Trust me, every railroader here can tell you gross out stories that will ruin the next week for you…
But they wont, because they live with the aftermath for the rest of their lives.
Enough…give it a rest.
Well, i have never seen anyone get hit. But, stupid people at CP’s Humboldt yard in Minneapolis, 2 people went in front of the train. One guy actually got out and looked to see where it was then got into his car and sped across the tracks. I wish he would have been hit, no repect for anything these days.
There was a particularly nasty crash on the then Illinois Central main through my town. A car, with a single male occupant, dashed across the tracks in front of a train. My father was fire chief at the time, and the car was hit by the Amtrak that came through the area at the time. According to my dad, the car literally exploded, as far as the victim, he spared me the details.
Another incident occured during dismissal from the high school that is the on the south side of those same tracks. A 14 year old girl was walking backwards talking shouting to some friends, meanwhile, behind her, the afternoon local was making it’s rounds through the area industries, when this girl walked backwards into the side of the locomotive. The crossing lights were activated, but she simply didn’t hear the train, or the horn. My brother was on the ambulance that took the girl to the hospital, where she died a short time later.

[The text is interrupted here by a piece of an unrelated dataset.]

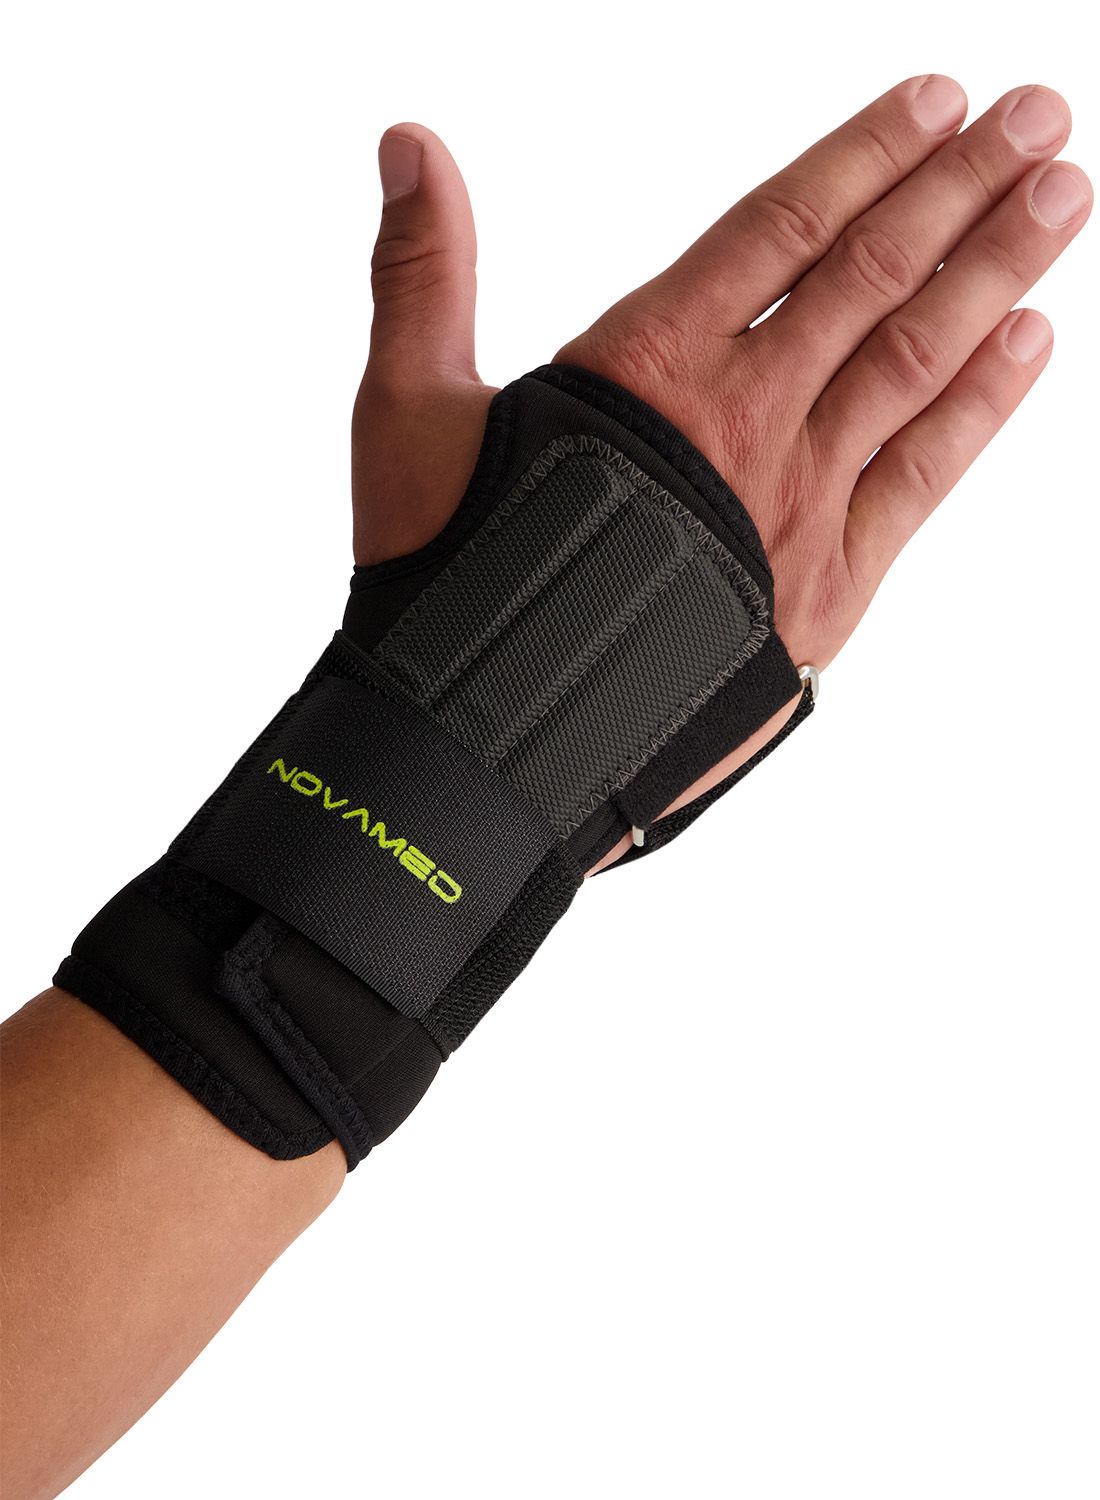 novamed lightweight wrist support for sale

Another incident occurred on the BNSF main through Western Springs, I was a firefighter in town at the time, we were “paid on call”. I woke up about 2 am to the sound of BNSF locomotives outside my townhouse (the tracks were right across the street), along with the squealing of brakes. I looked out my bedroom window, and noticed a crumpled mass in front of the locomotive, knowing what it was, I was out the door before the alert pager went off. Apparently an eastbound manifest struck a car at the Wolf Rd crossing, about 1/2 a mile to the west. Well, as I was on the first in engine, we walked up to the train, a visibly shaken engine crew sat in the cab, and the remains of a 4 door car was all over the front of the locomotive. My lieutenant was talking to the engine crew trying to get details, while myself and a fellow firefighter went to check the mess in the car… After peering into the twisted metal, we found nothing. So, we commenced a search of the neighborhood from Wolf Rd east, looking for bodies, or body parts. This went on for nearly 35 minutes, all the while,
I do agree, because some of the engeeniers here probably don’t want to be reminded if something happend to them.
But, I think Operation lifesaver should track down a video of a deadly car v.s. train accident and show it on TV. I think alot of people would decide its better to be late then risk attempting to beating a train.
Good to show on TV? No. Will it get the point across? Heck yea.